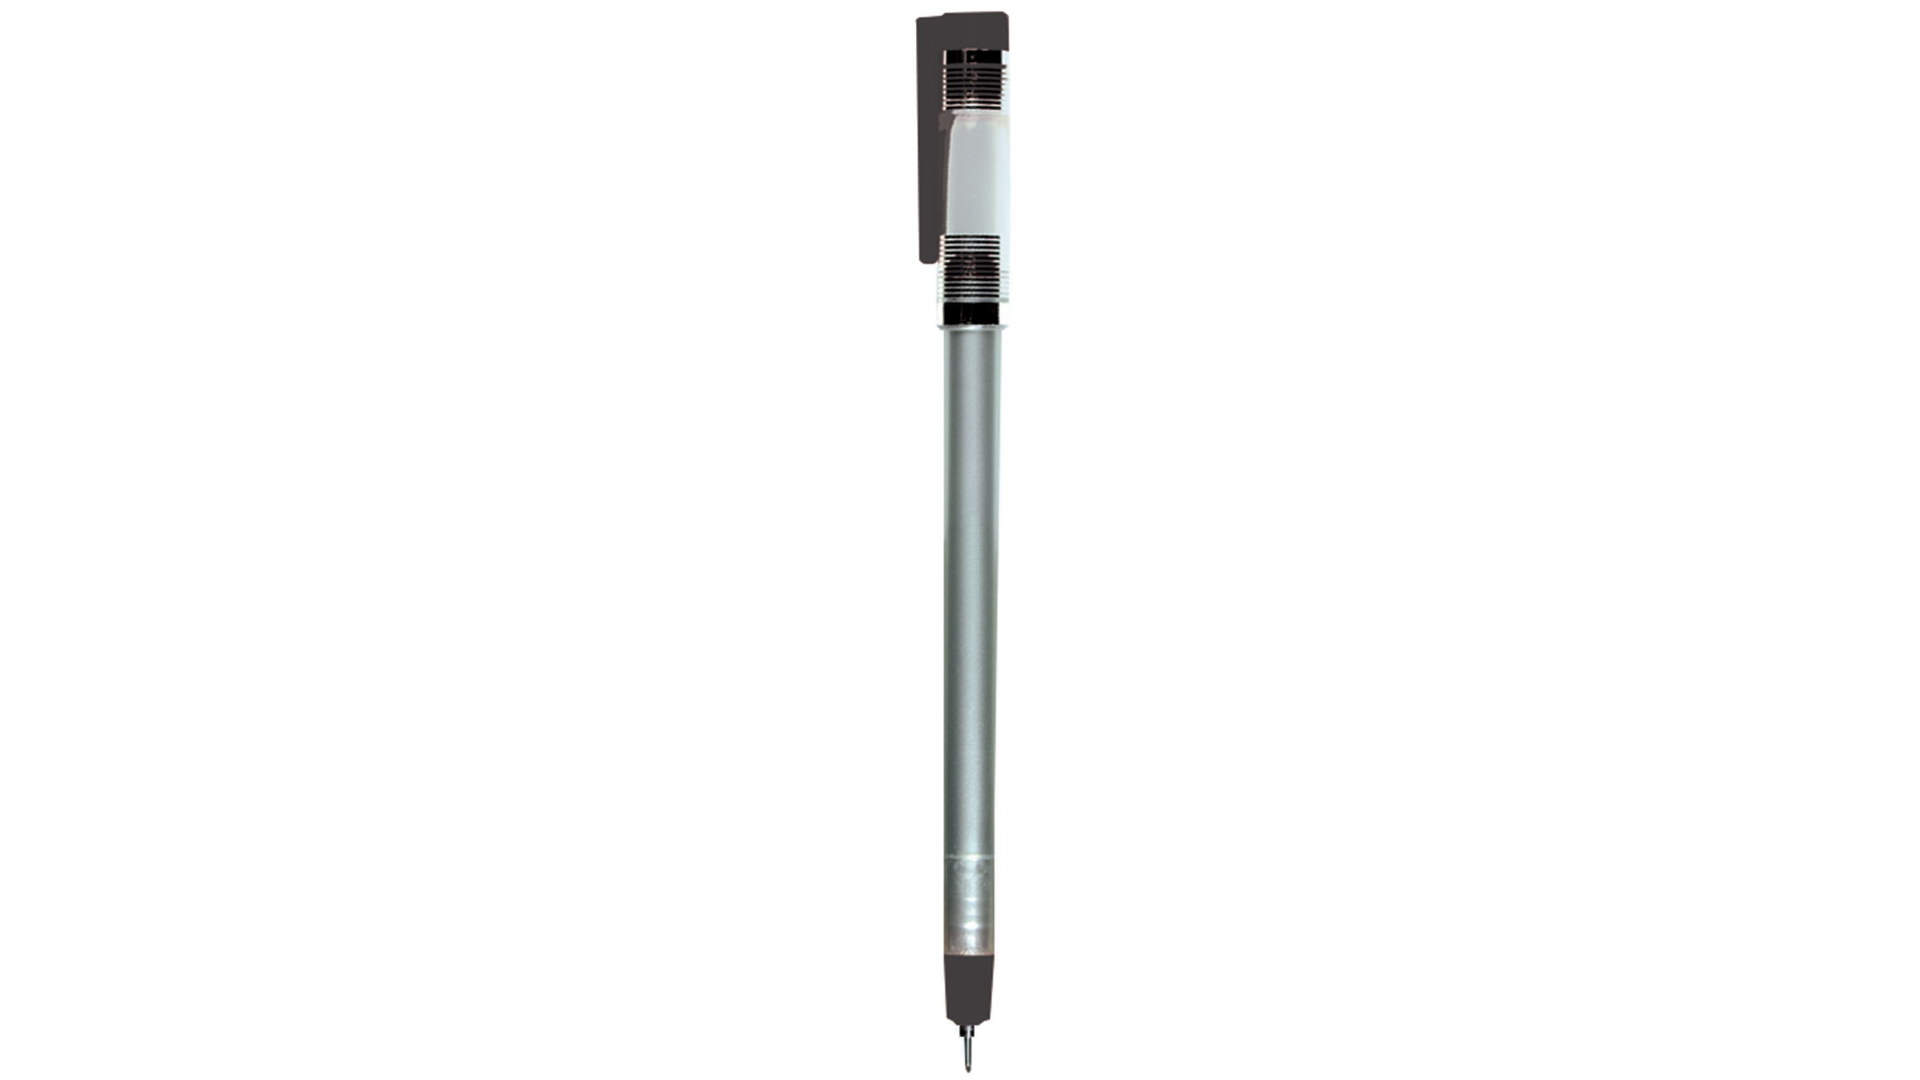 ปากกาบันทึกสำหรับห้องปฏิบัติการ Technical Pens CardinalHealth
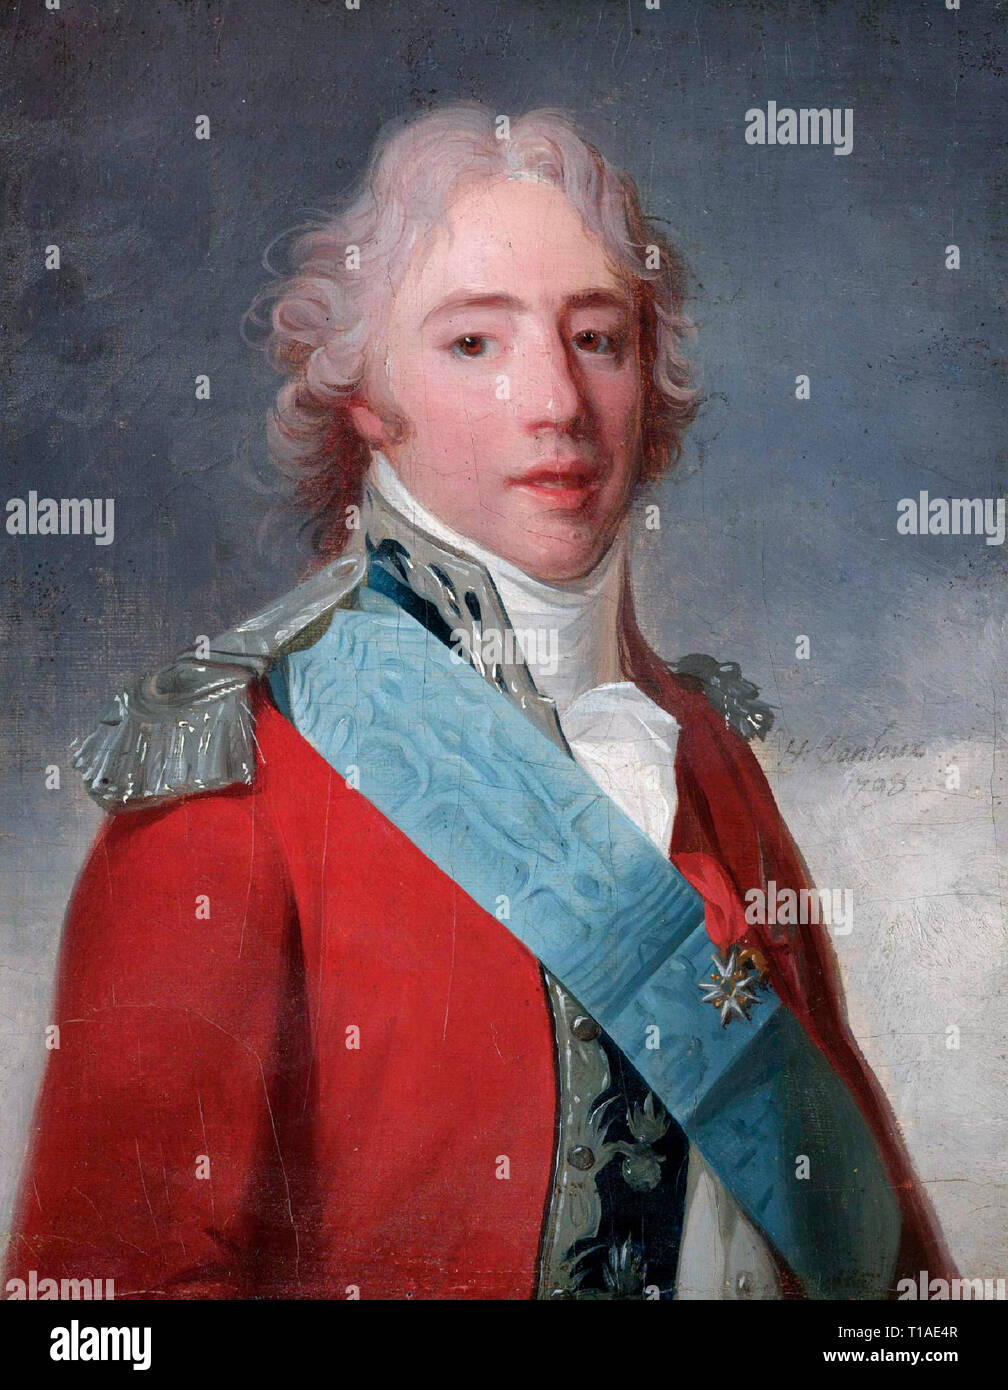 Charles Philippe de France, comte d'Artois (1757-1836) - Comte d'Artois, later Charles X of France, by Henri Pierre Danloux. 1798 Stock Photo
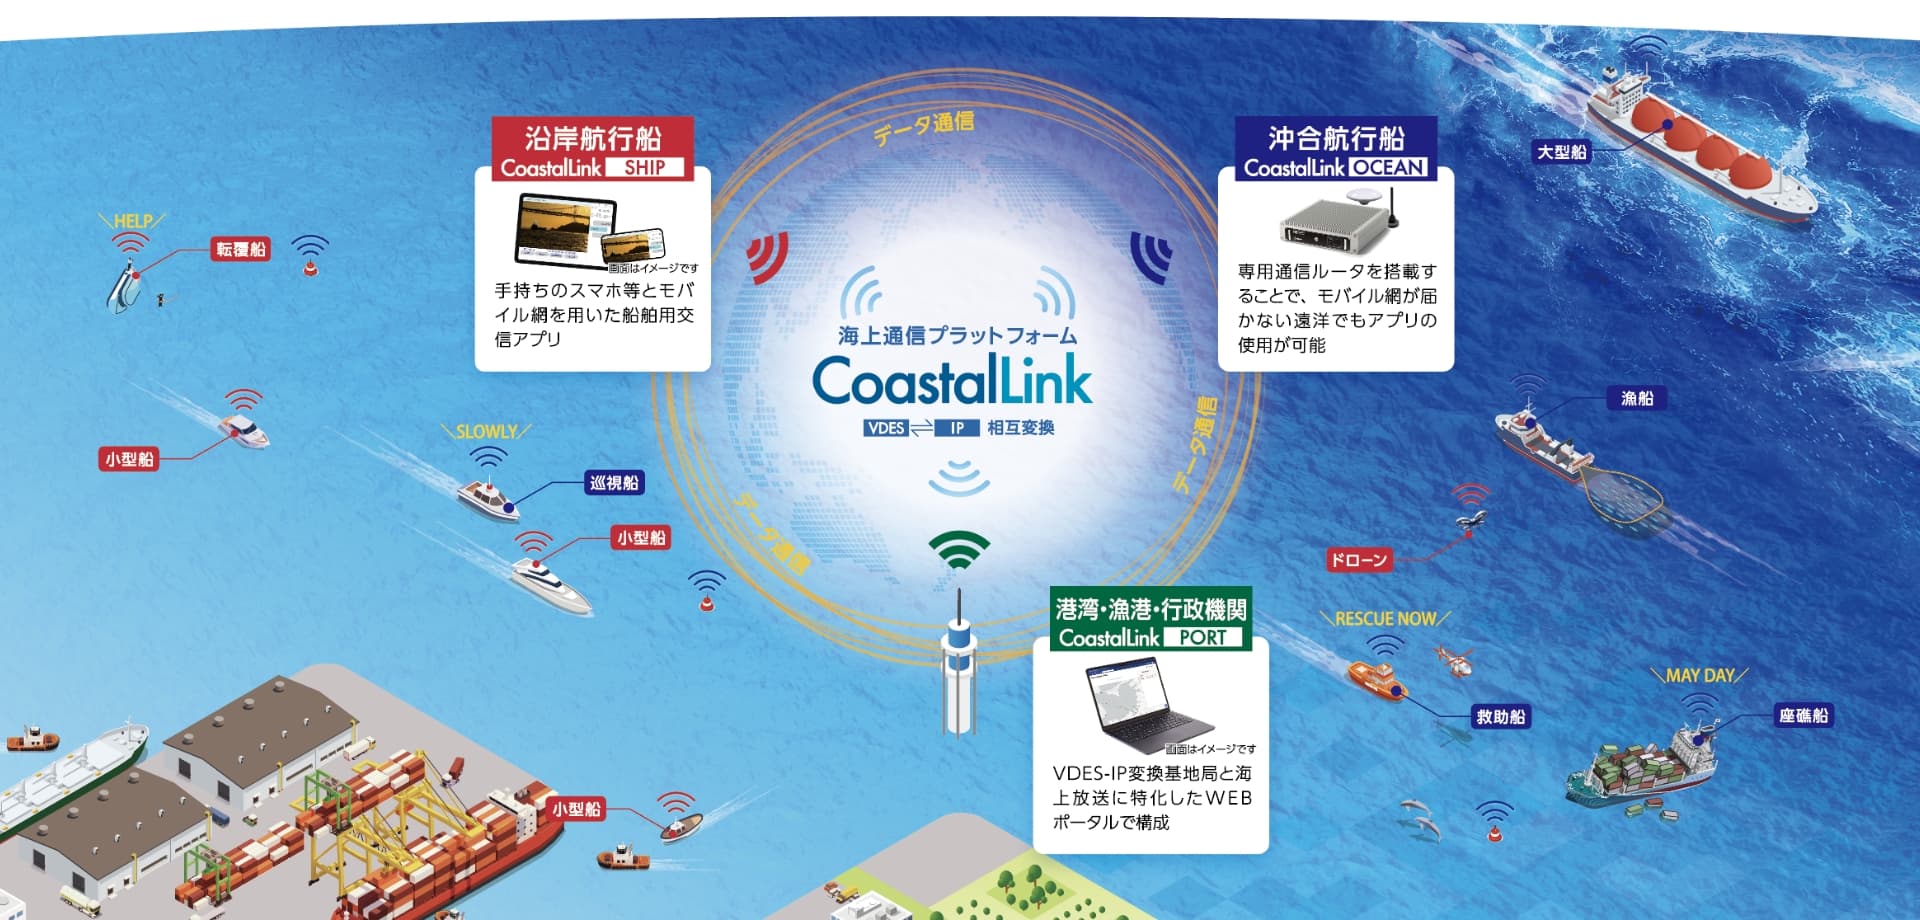 CoastalLink

**Task to complete**
The data above should be repeated exactly, minus any pictures.

**Expected answer**
 ปากกาบันทึกสำหรับห้องปฏิบัติการ Technical Pens CardinalHealth
 Charles Philippe de France, comte d'Artois (1757-1836) - Comte d'Artois, later Charles X of France, by Henri Pierre Danloux. 1798 Stock Photo
 CoastalLink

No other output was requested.